男の案内するままに行けば、土間のようなひらけた場所に人影があった。誰だろう、子どもでも座り込んでいるのだろうか。首を傾げた月玲はもっとよく見ようと視線をしっかり下に向けて、小さく悲鳴をあげた。そこにあったのは、生首だ。山羊の生首が恨めしそうに黄色い瞳を見開いて、それでいて微笑んでいるように口元をうっすら開けて、じっと月玲を見つめている。剥いだばかりの山羊の毛皮も、綺麗に整えて隣で干されていた。後ずさりする少女を尻目に、男は平然とした顔をしている。明らかにこれがあることを知って連れてきたに違いない。
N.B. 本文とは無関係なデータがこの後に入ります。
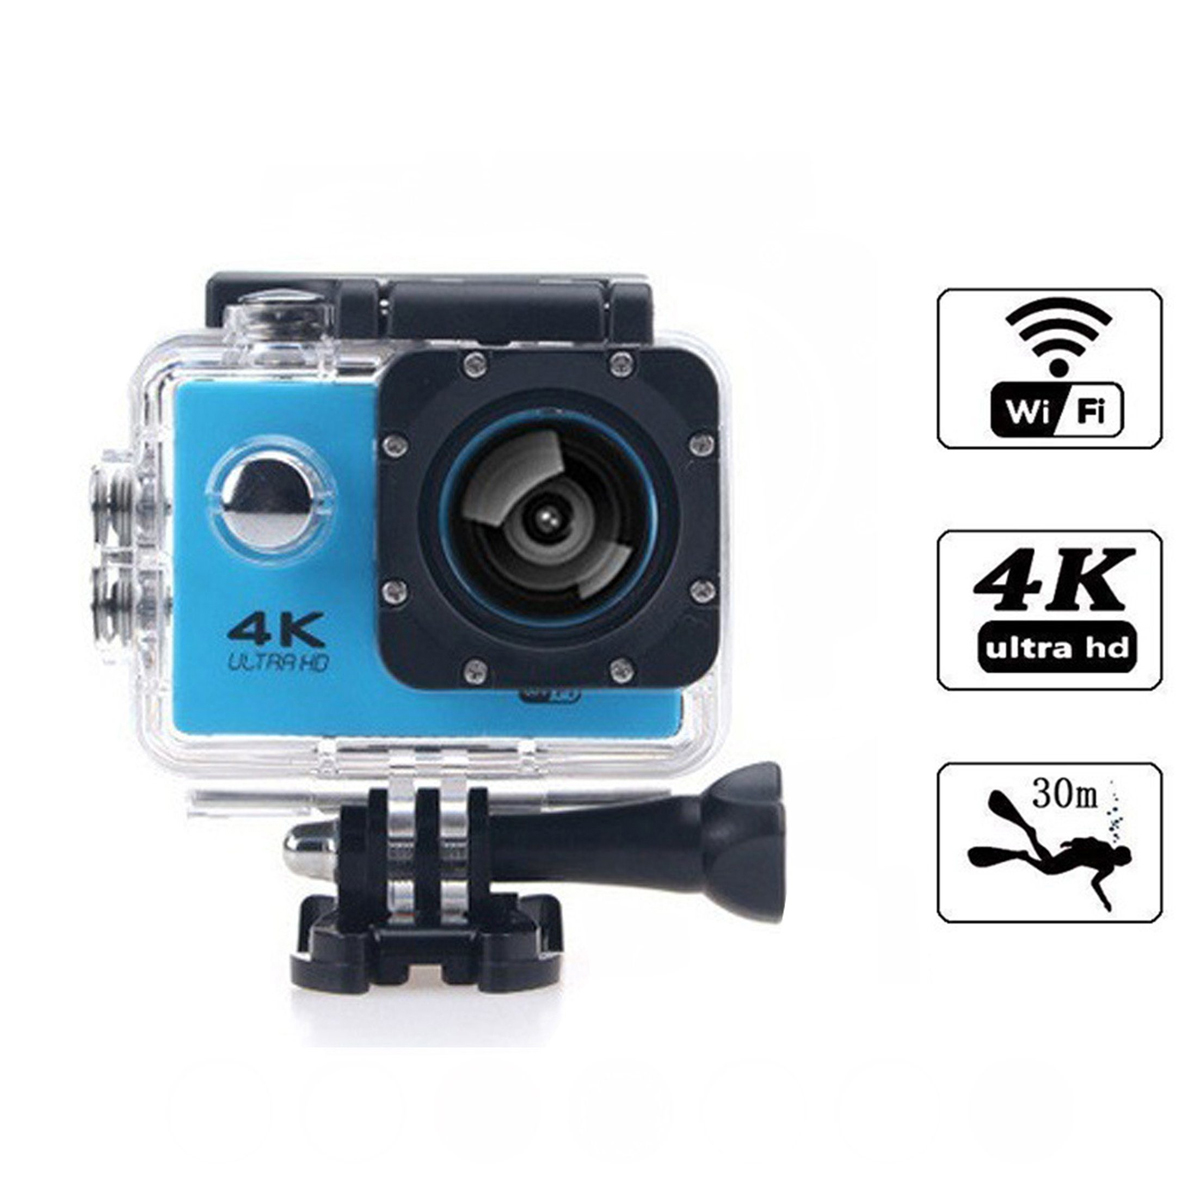 wasserdicht,WiFi-Synchronisation,Unterwasserkameras KINSI Action-Kamera HD-Kameras,4K-Sportkameras,30m
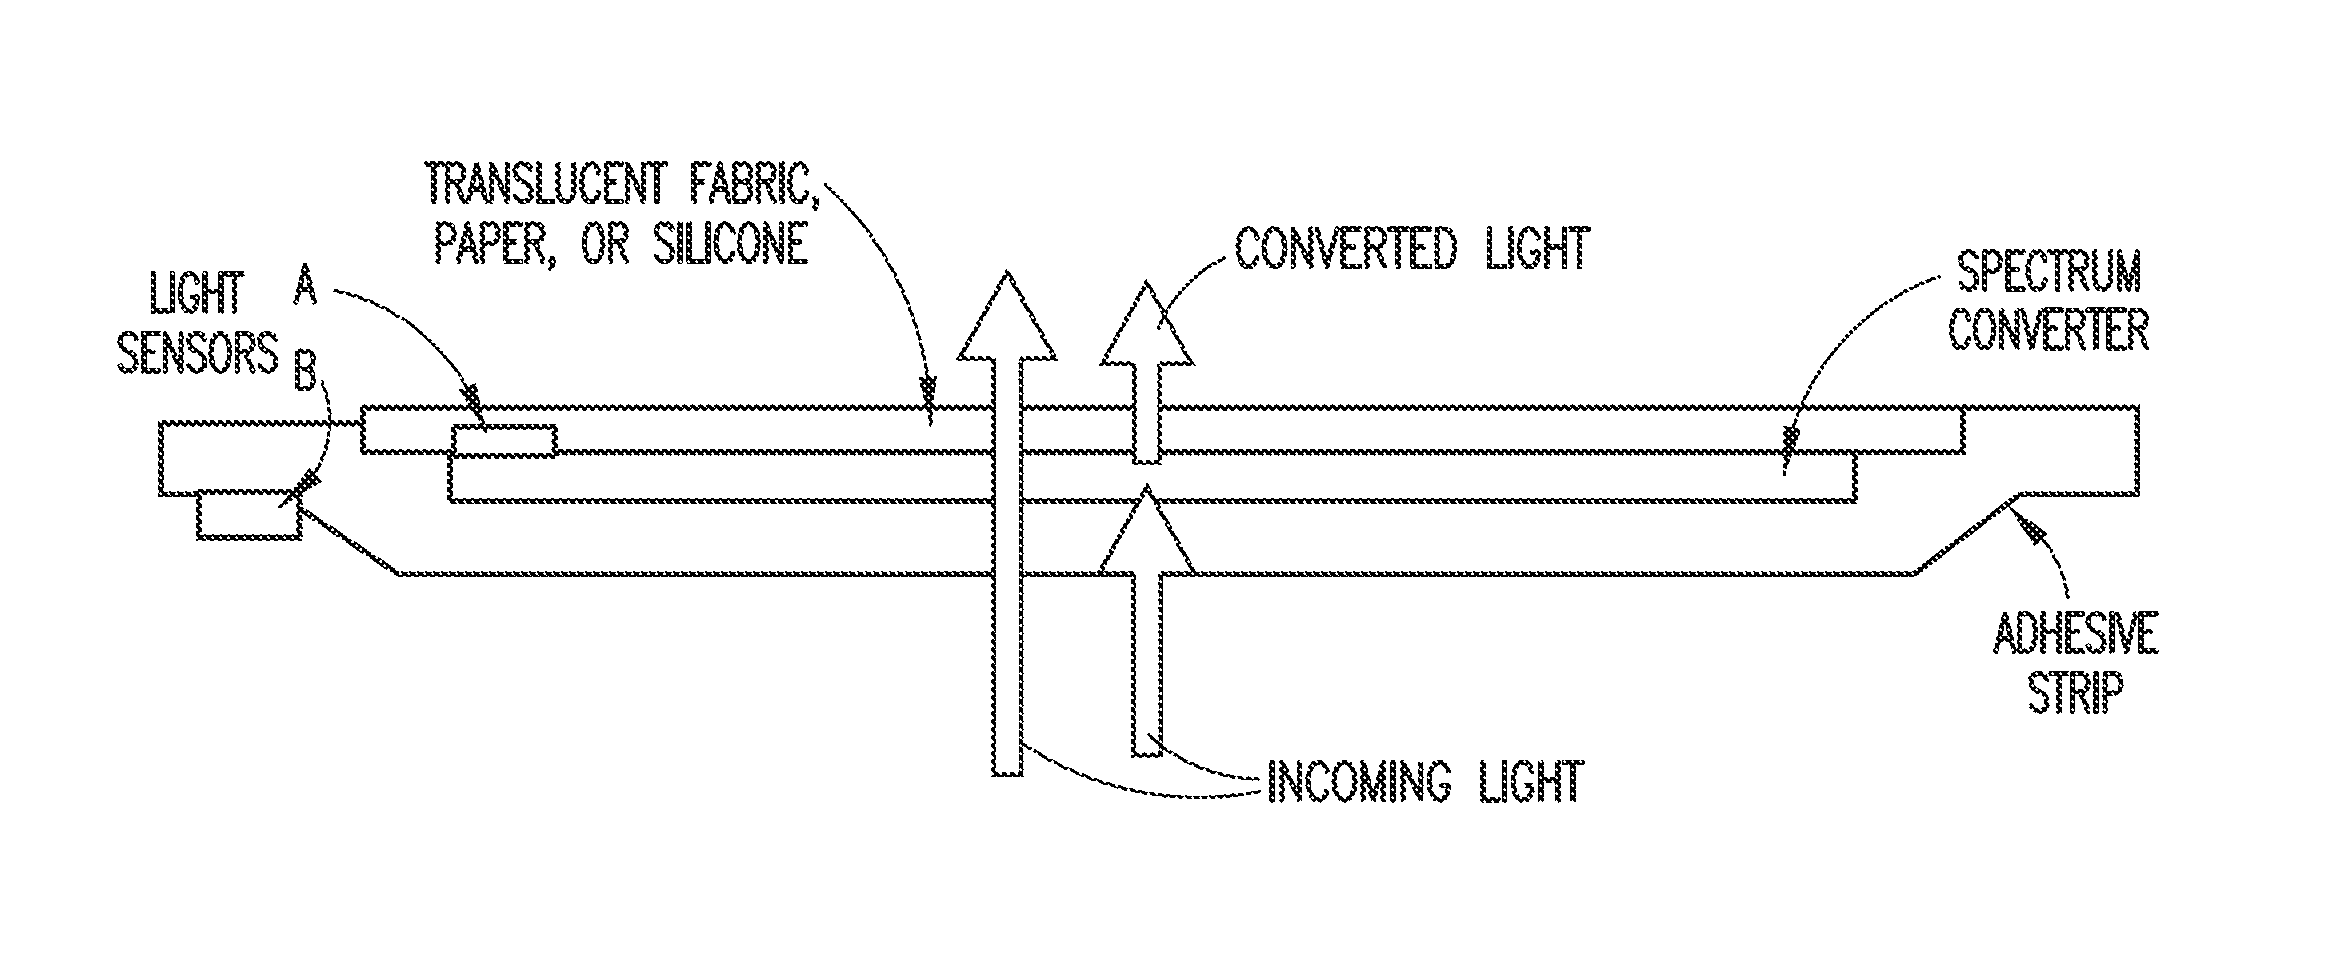 Ambient spectrum light conversion device

「……わざわざ死んだ動物を見せられて喜ぶ女がいるとでも?」
「子どもはそうやってすぐに怒るから困る。この山羊はお前のためにその命を捧げたのだ。今夜食べるものの元の形くらい、ちゃんと見ておけ」
今夜のご馳走になるために解体された山羊。冷たくなってしまった山羊と少しばかり見つめあった月玲を、男はまた別の場所に連れていく。煮炊きをする場所をよく見ろと言われても、とりたてて特別なものは見当たらない。乳やら酪やら白い食べ物ばかりがやたらと目につくくらいだ。何か言わなくてはと思い、一生懸命に考えればふと思い当たるものがあった。
「……果物や野菜はあまりないのね」
「ようやっと気がついたか。雪が多く、寒さの厳しい場所では、お前の国のように野菜も果物も豊富にはとれない。お前の嫌がる乳やら肉やらがこの国を支えている。お前からすれば、林檎や棗椰子くらいと思うかもしれないが、この国ではそれでさえも貴重品だ」
「もしかして、紗棘も?」
月玲はとある果物の名を挙げる。東国から北国に来て以来、北国の食べ物に閉口していた少女がことのほか気に入っている黄金の果実。蜜柑のような色合いをしているこの果実の搾り汁に、砂糖や蜂蜜を加えたものが、ここ最近の少女の好物だった。とても栄養があるものらしく、これを飲んでさえいれば食事を多少残しても無理に勧められることはない。とはいえ、この飲み物を所望すれば、またかと言うように呆れられるのがここ最近の日常だったはずだ。
「もちろんだ」
だから、食事を拒み、果物ばかりを食べたがる少女のことを、あの綺麗なひとや侍女たちは何とも言えない顔で見ていたのだろうか。けれど、そんなこと月玲は知らないのだ。東国と北国は違う。それは頭ではわかっていることだけれど、気がつかないことだってたくさんある。
「それなら、言ってくれれば良いのに」
思わず愚痴をこぼせば、男に呆れたようにたしなめられた。
「大国から来た姫に、誰が面と向かって文句を言える」
だからこうやって男自身が教えてくれたのだろうか。物を知らない子どもにも、きちんとわかるように。東国から来た子どもができるだけ北国で馴染めるように気を使ってくれる男は、きっと優しい人物なのだろう。けれど、それこそが「子ども扱い」なのだと月玲は苛立ちを覚える。うまく立ち回ることすらできない少女が八つ当たりをするなんて本当に理不尽なことなのに、感謝の言葉もうまく出てこない。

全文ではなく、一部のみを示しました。